Question

If the roots of \[a{x^2} - bx - c = 0\] changes by the same quantity, then the expression in a, b, c that does not change is
A) \[\dfrac{{{b^2} - 4ac}}{{{a^2}}}\]
B) \[\dfrac{{{b^2} - 4c}}{a}\]
C) \[\dfrac{{{b^2} + 4ac}}{{{a^2}}}\]
D) None of these

Answer 1

Hint: At first, we will find the roots of the given equation. Next, we apply a change on the roots and we will get a new quadratic equation. There, we will get the new roots.
The, we can compare the discriminant of both the equation and we can find if there is any change.

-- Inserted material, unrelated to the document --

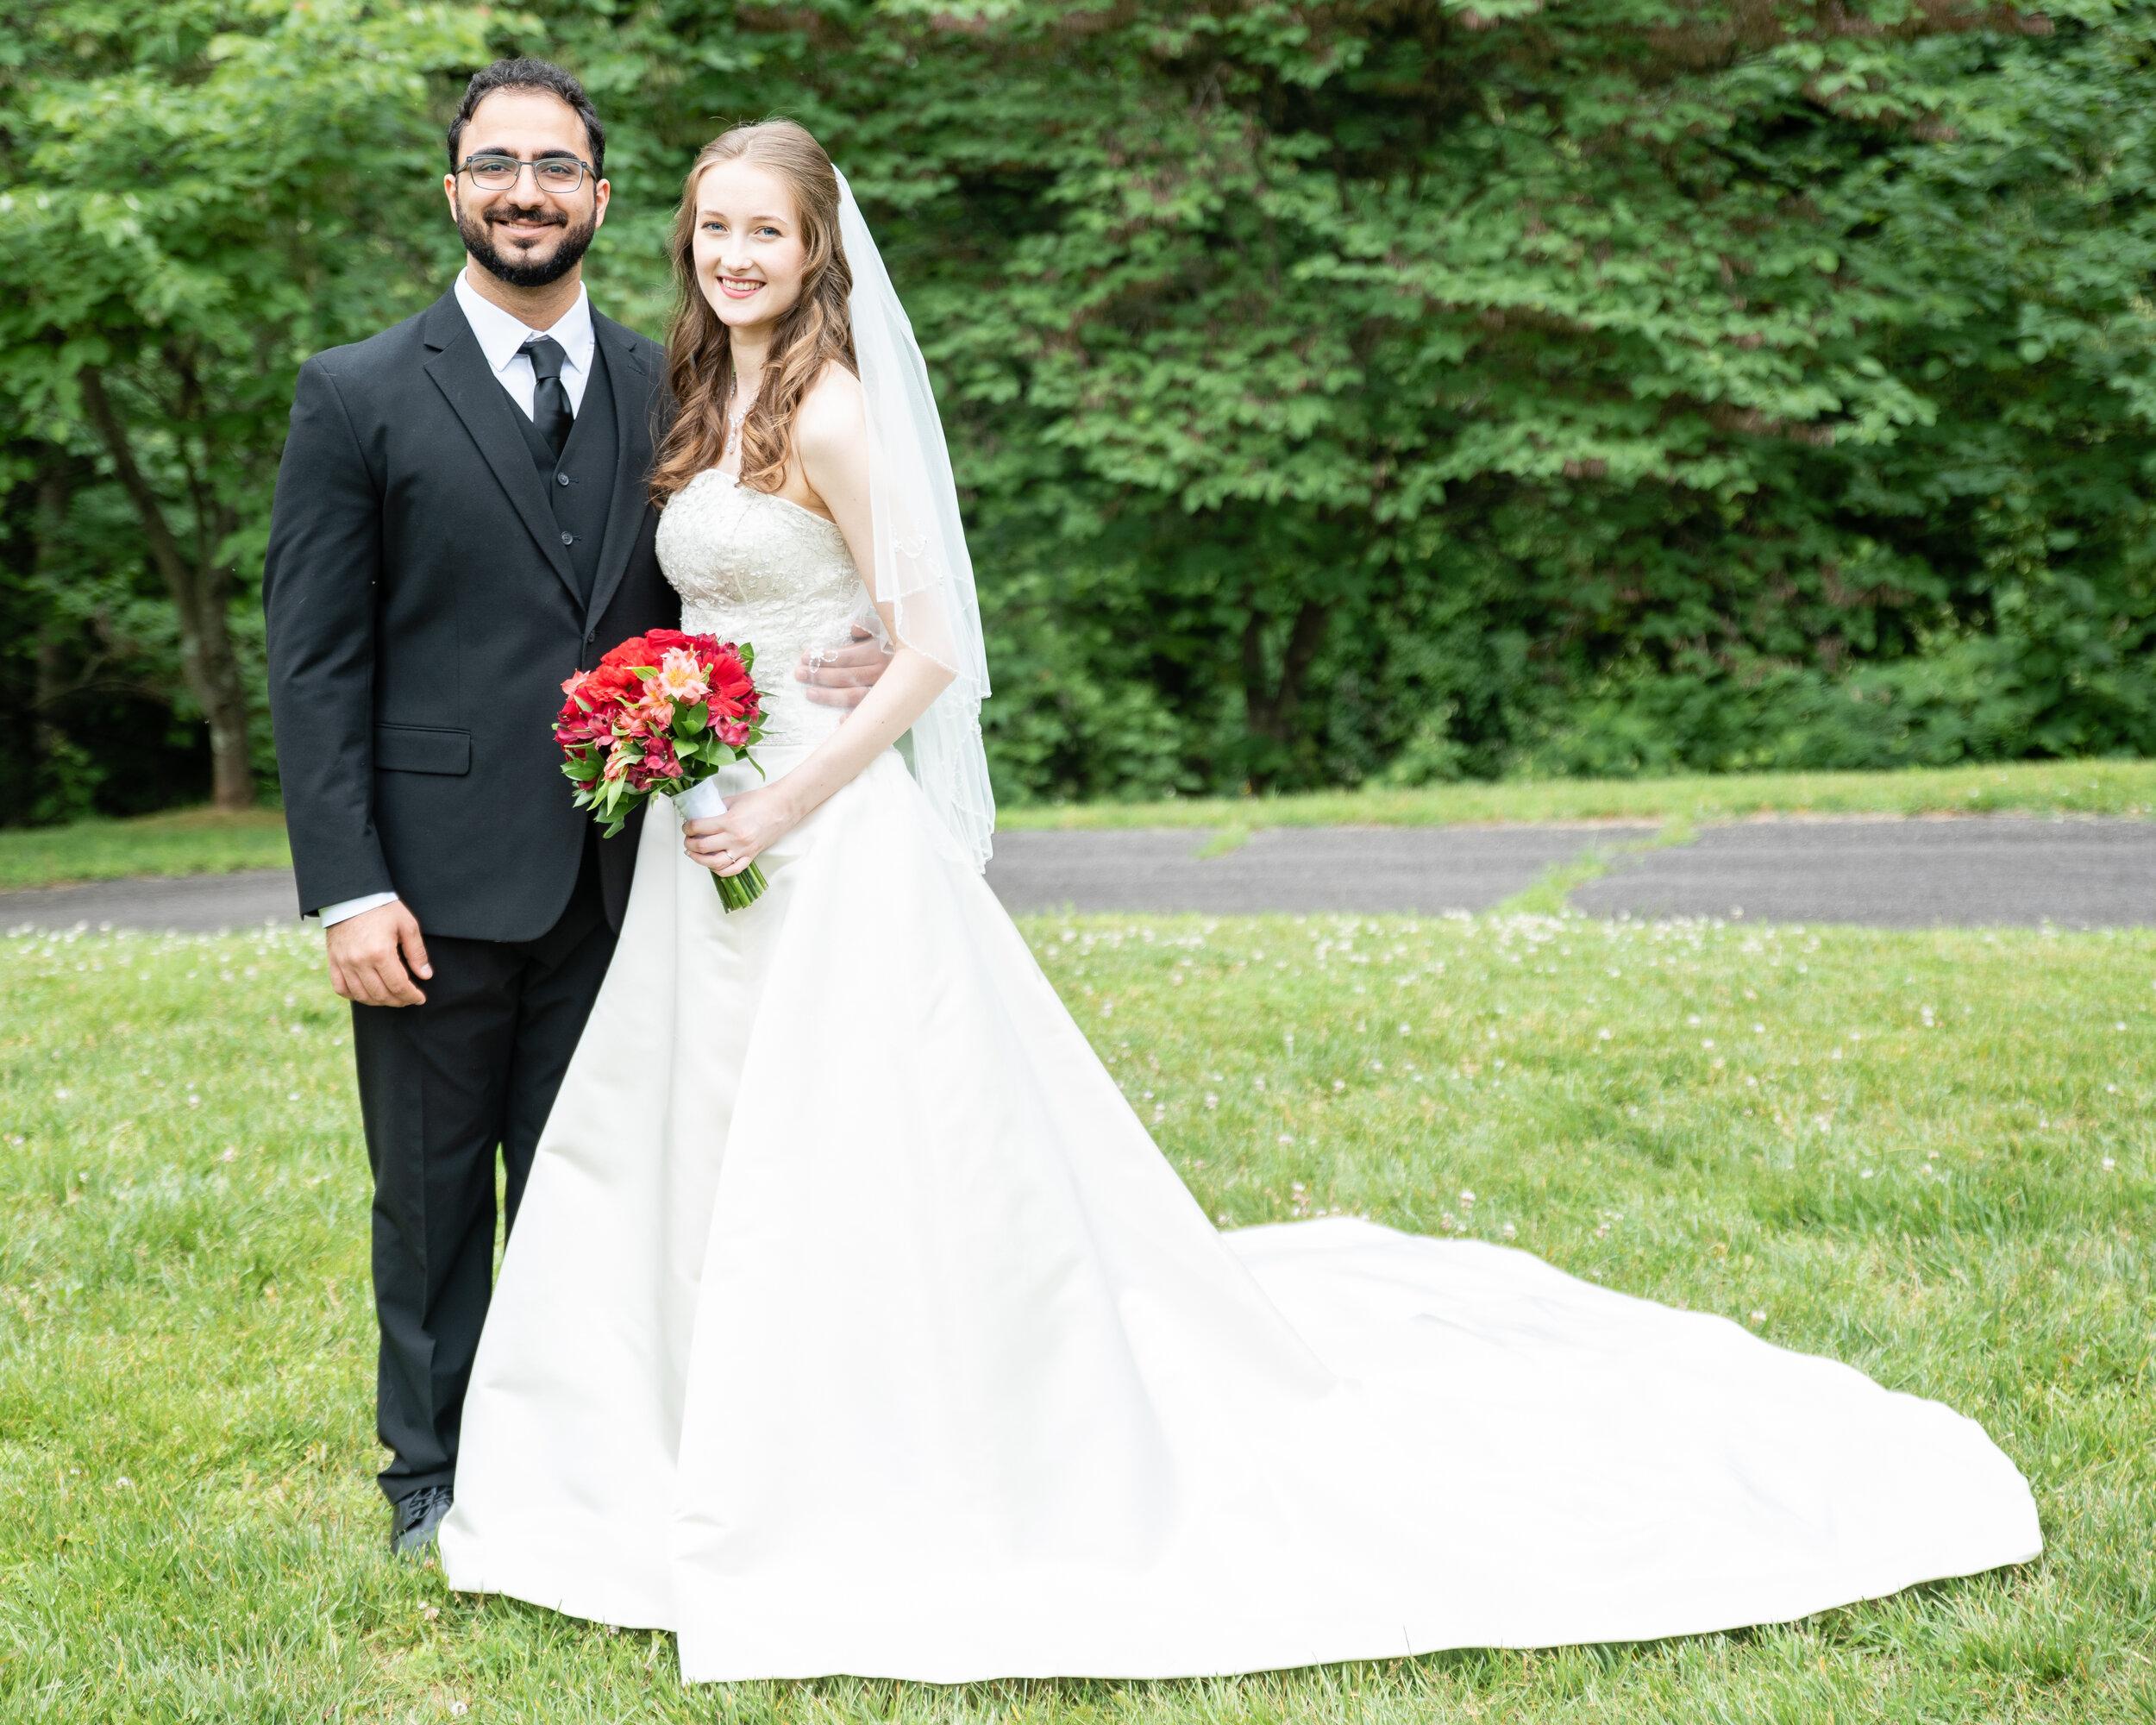 Kaitlyn-Davood-Wedding_7June2019-54.jpg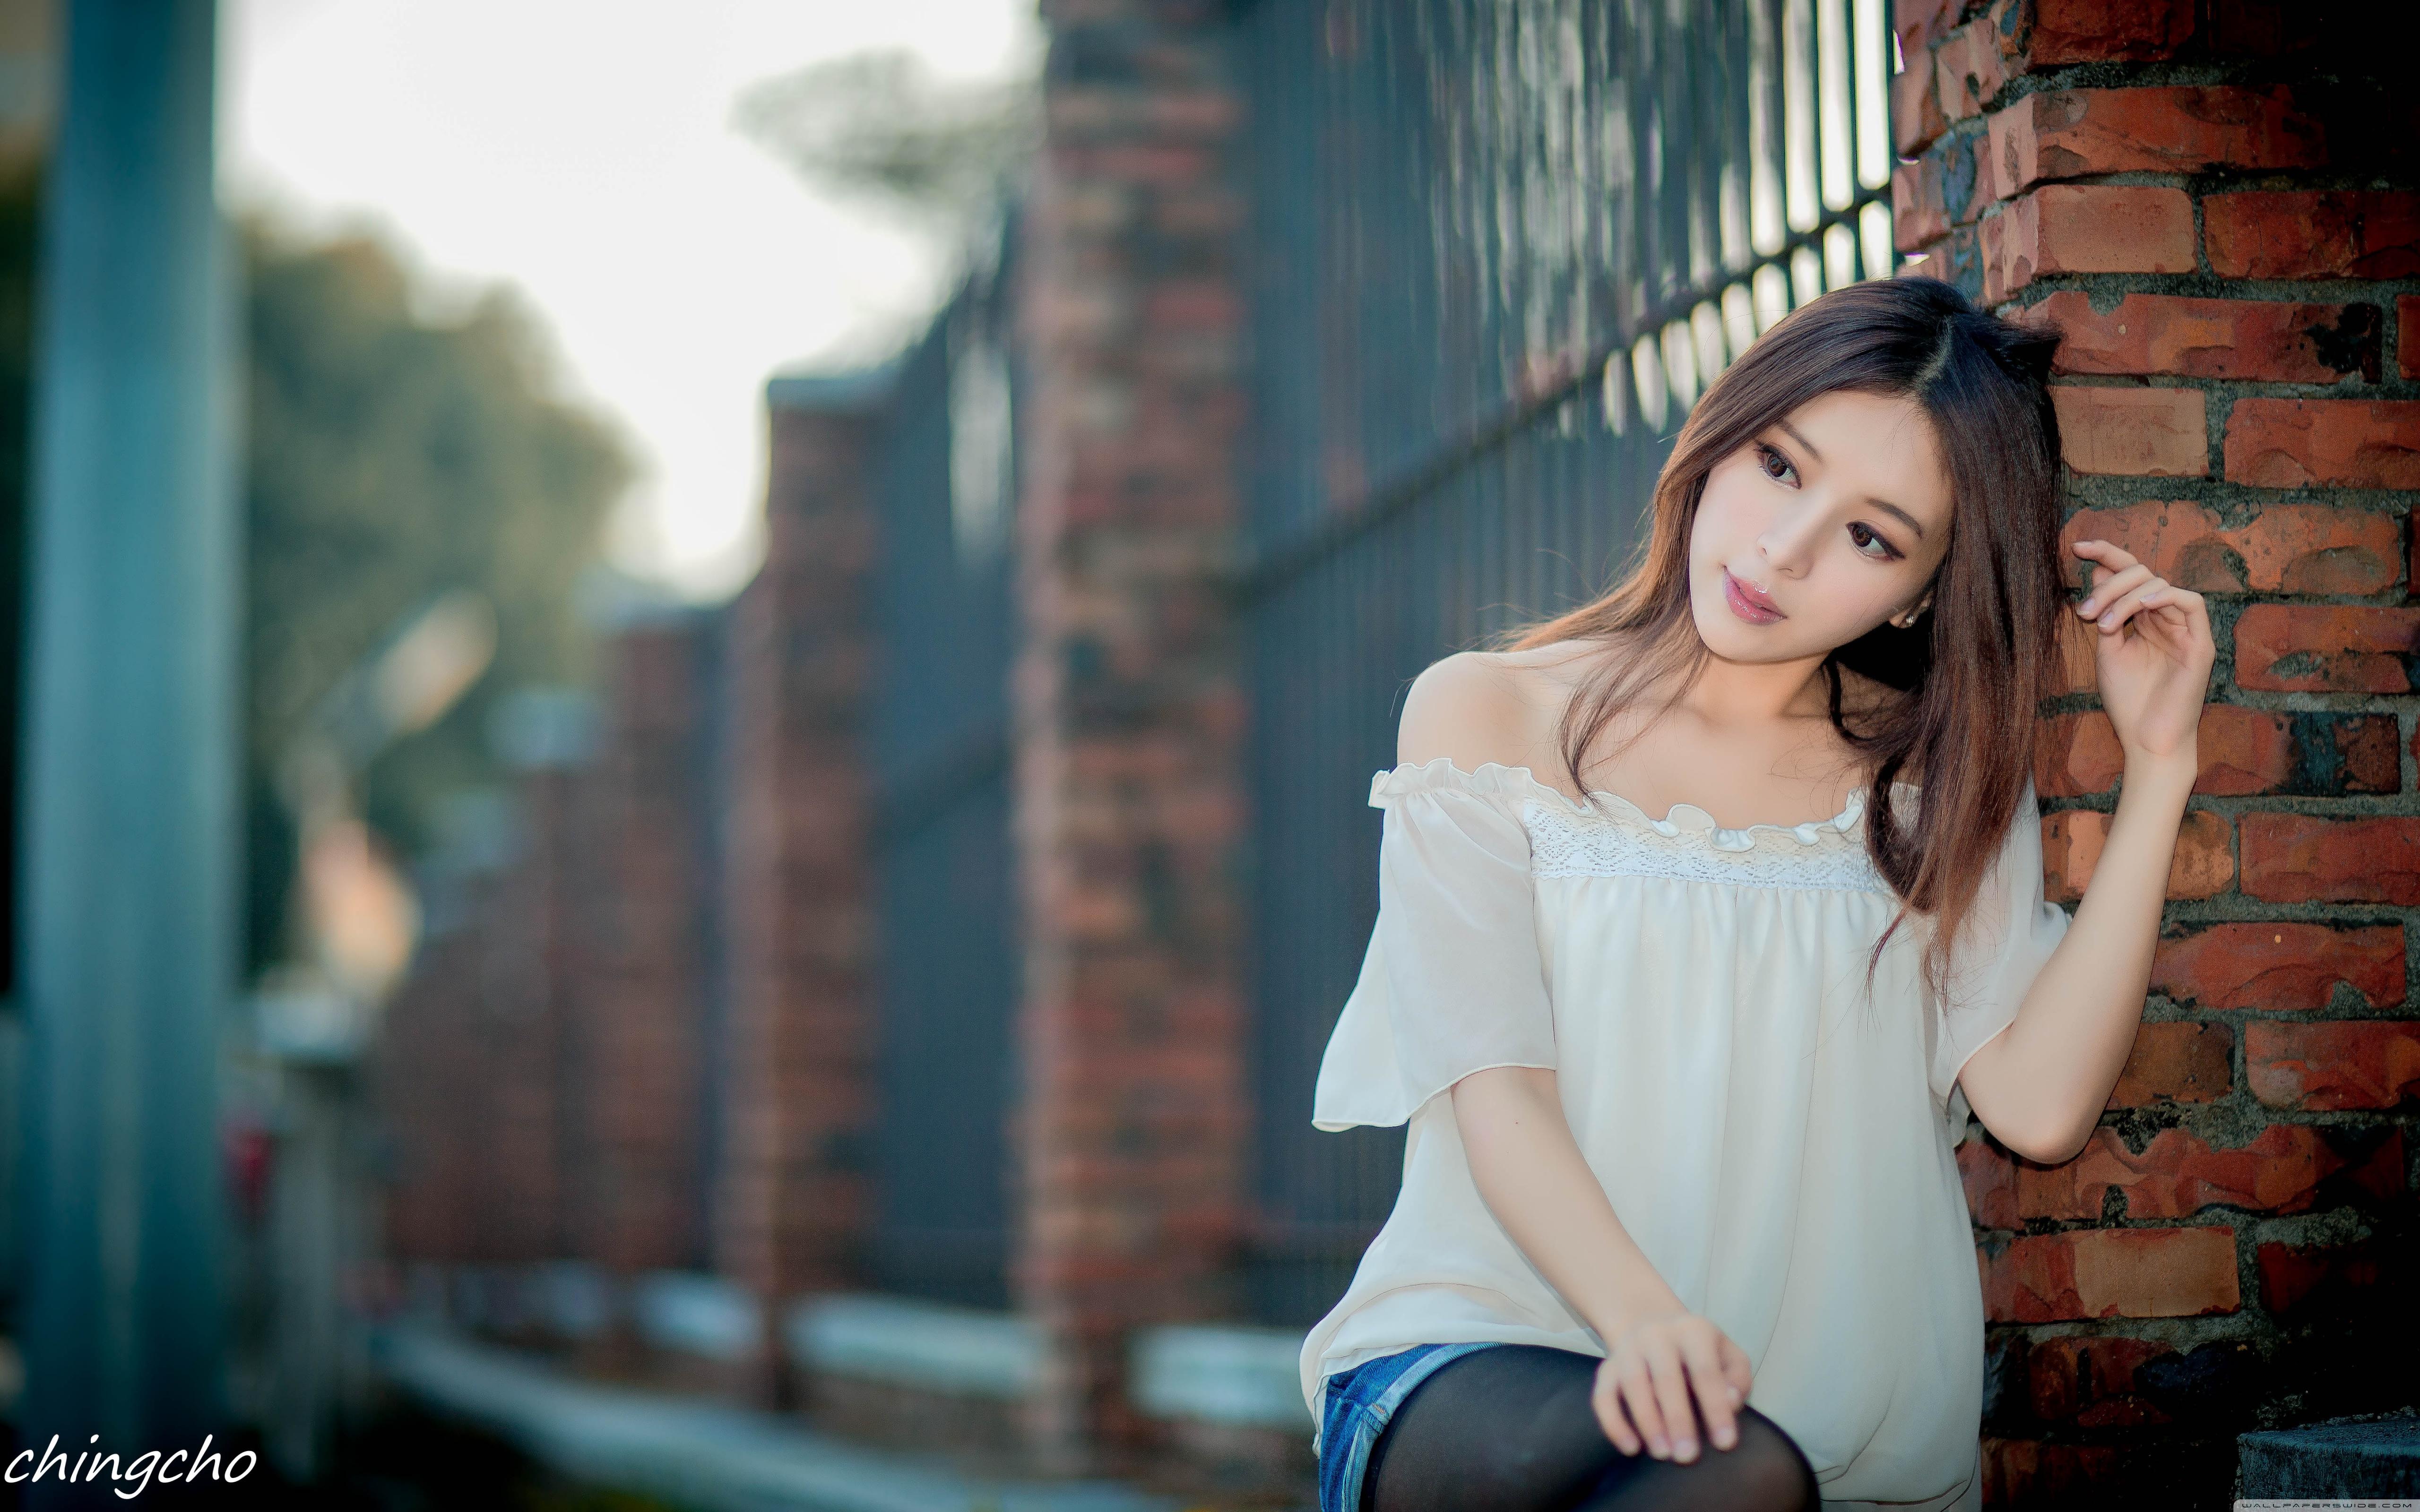 Download Free WallpaperBeautiful Asian Girl

Complete step-by-step answer:
It is given that; the roots of \[a{x^2} - bx - c = 0\]…………... (1) changes by the same quantity.
We have to find out the given problem.
Let us consider a quadratic equation \[a{x^2} + bx + c = 0,a \ne 0\]. The roots of this equation are \[\dfrac{{ - b \pm \sqrt {{b^2} - 4ac} }}{{2a}}\] . And, the discriminant of this equation is, \[{b^2} - 4ac\].
The roots of the equation (1) are \[\dfrac{{b \pm \sqrt {{b^2} - 4ac} }}{{2a}}\].
Let us take the roots of \[a{x^2} - bx - c = 0\] are \[\alpha ,\beta \].
Let us increase the roots by some constant k.
Therefore, the roots become, \[\alpha + k,\beta + k\].
Now, \[x = \alpha \] satisfies the above equation.
Let, \[\alpha + k = x \Rightarrow \alpha = x - k\]
Substitute the value of \[\alpha \]in the above equation we get,
\[a{(x - k)^2} - b(x - k) - c = 0\]
Simplifying we get,
\[{x^2}(a) - x(2ak + b) + a{k^2} + bk - c = 0\]..............… (2)
Now, we are going to check the discriminant of the equation (2).
So, we have,
\[D = \dfrac{{(2ak + b) \pm \sqrt {4{a^2}{k^2} + {b^2} + 4abk - 4{a^2}{k^2} - 4abk + 4ac} }}{{2a}}\]
Simplifying we get,
\[D = \dfrac{{(2ak + b) \pm \sqrt {{b^2} + 4ac} }}{{2a}}\]
We can see the discriminant quantity is the same in both the equation (1) and (2).

$\therefore $The correct option is D) none of these.

Note: In this question, we found the expression that in a, b, c that does not change. Students must focus on the steps that check the discriminant for the roots. Because on that step we substituted the roots values into the relation.
If Discriminant is less than 0 then the roots are imaginary.
If the discriminant is equal to 0 then the roots are equal and rational.
If the discriminant is greater than 0 then the unequal.